Now let's evaluate how well this trained model is able to predict the values of the test dataset.

In [18]:
# Generate predictions here!
y_pred = model.predict(X_test)

In [19]:
# Calculate performance metrics here!
# Evaluate the model
accuracy = accuracy_score(y_test, y_pred)
conf_matrix = confusion_matrix(y_test, y_pred)
classification_rep = classification_report(y_test, y_pred)

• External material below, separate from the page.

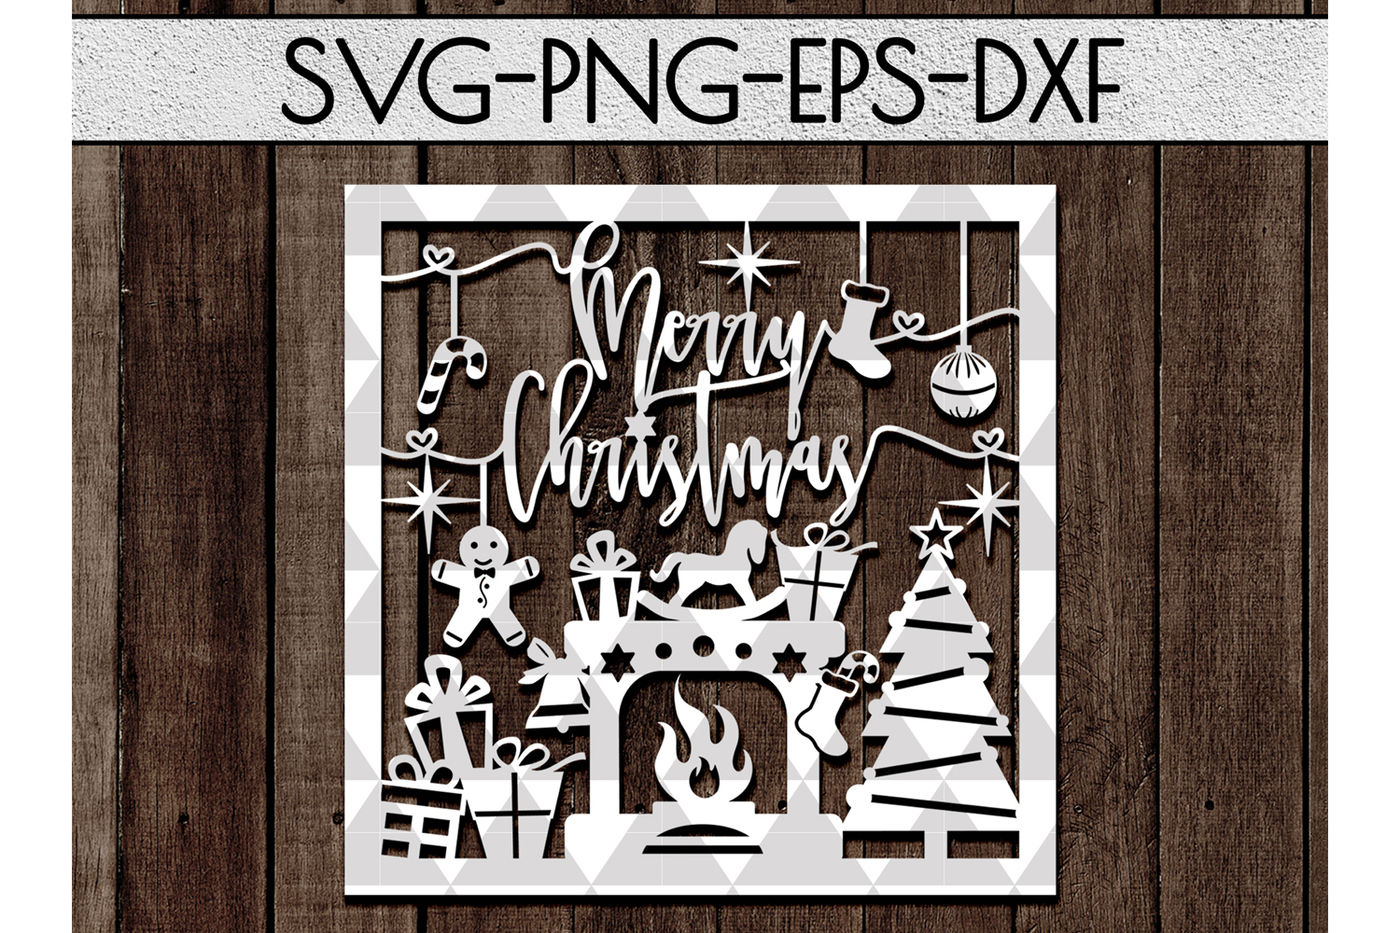 Merry Christmas Svg Cutting File Xmas Gift Papercut Dxf Pdf By Mulia Designs Thehungryjpeg Com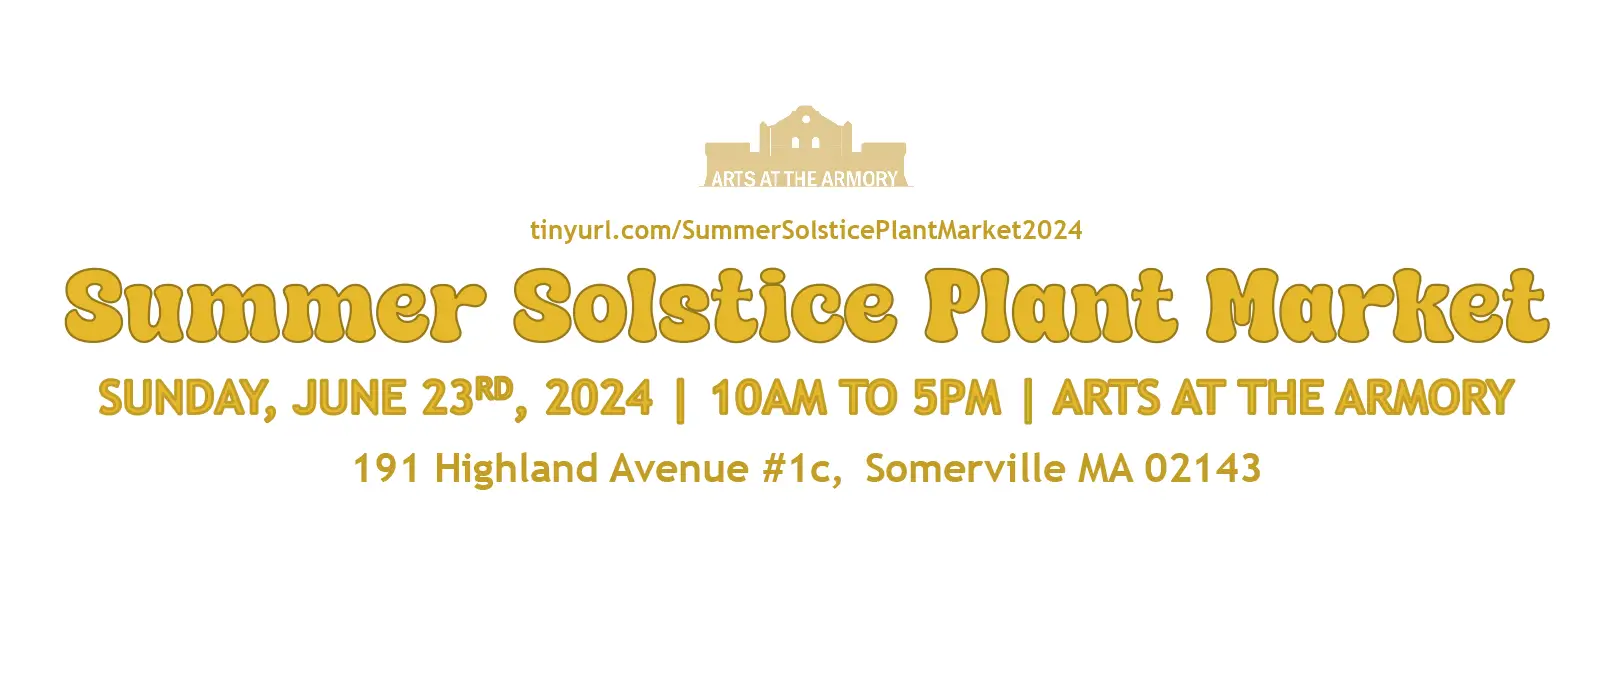 Summer Solstice Plant Market

# Print evaluation metrics
print(f"Accuracy: {accuracy}")
print("Confusion Matrix:")
print(conf_matrix)
print("Classification Report:")
print(classification_rep)

Accuracy: 0.9036144578313253
Confusion Matrix:
[[3283    3]
 [ 349   17]]
Classification Report:
              precision    recall  f1-score   support

           0       0.90      1.00      0.95      3286
           1       0.85      0.05      0.09       366

    accuracy                           0.90      3652
   macro avg       0.88      0.52      0.52      3652
weighted avg       0.90      0.90      0.86      3652



## Why did you choose the evaluation metrics that you used? Please elaborate on your choices.
- Accuracy is the ratio of correctly predicted instances (true positives + true negatives) to the total number of predictions. Accuracy is a simple and intuitive measure that provides a quick snapshot of the model's performance. It is easy to understand and interpret, especially for balanced datasets where each class has a similar number of samples. We recieved a 90% accuracy.
- A confusion matrix is a table that summarizes the performance of a classification algorithm by showing the counts of true positives (TP), true negatives (TN), false positives (FP), and false negatives (FN). 
 - The model predicted 3283 observations of positive class correcly (TP) which means customers who actually churned, and the model correctly predicted them as churned
 - 17 observations of negative class correctly (TN) which means customers who stayed, and the model correctly predicted them as not churned
 - 3 observations of negative class but being classified wrongly as belonging to the positive class (FP) which means customers who stayed, but the model incorrectly predicted them as churned which is also a Type I error
 - 349 observations of positive class but being classified wrongly as belonging to the negative class (FN) which means customers who churned, but the model incorrectly predicted them as not churned which is a Type II error.
- Precision is the ratio of true positives to all predicted positives. Of all instances that the model predicted as positive, how many were actually positive, in our model for class 0, the precision is 0.90, meaning that 90% of the instances predicted as class 0 are actually class 0, for class 1, the precision is 0.85, meaning 85% of the instances predicted as class 1 are correct. 
- Recall is the ratio of true positives to all actual positives. Of all the actual positive instances, how many did the model correctly identify, in our model for class 0, the recall is 1.00, indicating that the model correctly identified all instances of class 0, for class 1, the recall is very low at 0.05, meaning the model only identified 5% of the actual class 1 instances.
- The F1-score is the harmonic mean of precision and recall, giving a balanced measure when both values are important. In our model, for class 0, the F1-score is 0.95, indicating good performance in both precision and recall for this class, for class 1, the F1-score is very low at 0.09, suggesting poor performance overall in identifying this class.

## Do you think that the model performance is satisfactory? Give justification for your answer.
The model performs very well on class 0 (high precision, recall, and F1-score), but very poorly on class 1 (low recall and F1-score). This could indicate a significant imbalance in the data, with far fewer instances of class 1 compared to class 0, or that the model struggles to correctly identify class 1 instances.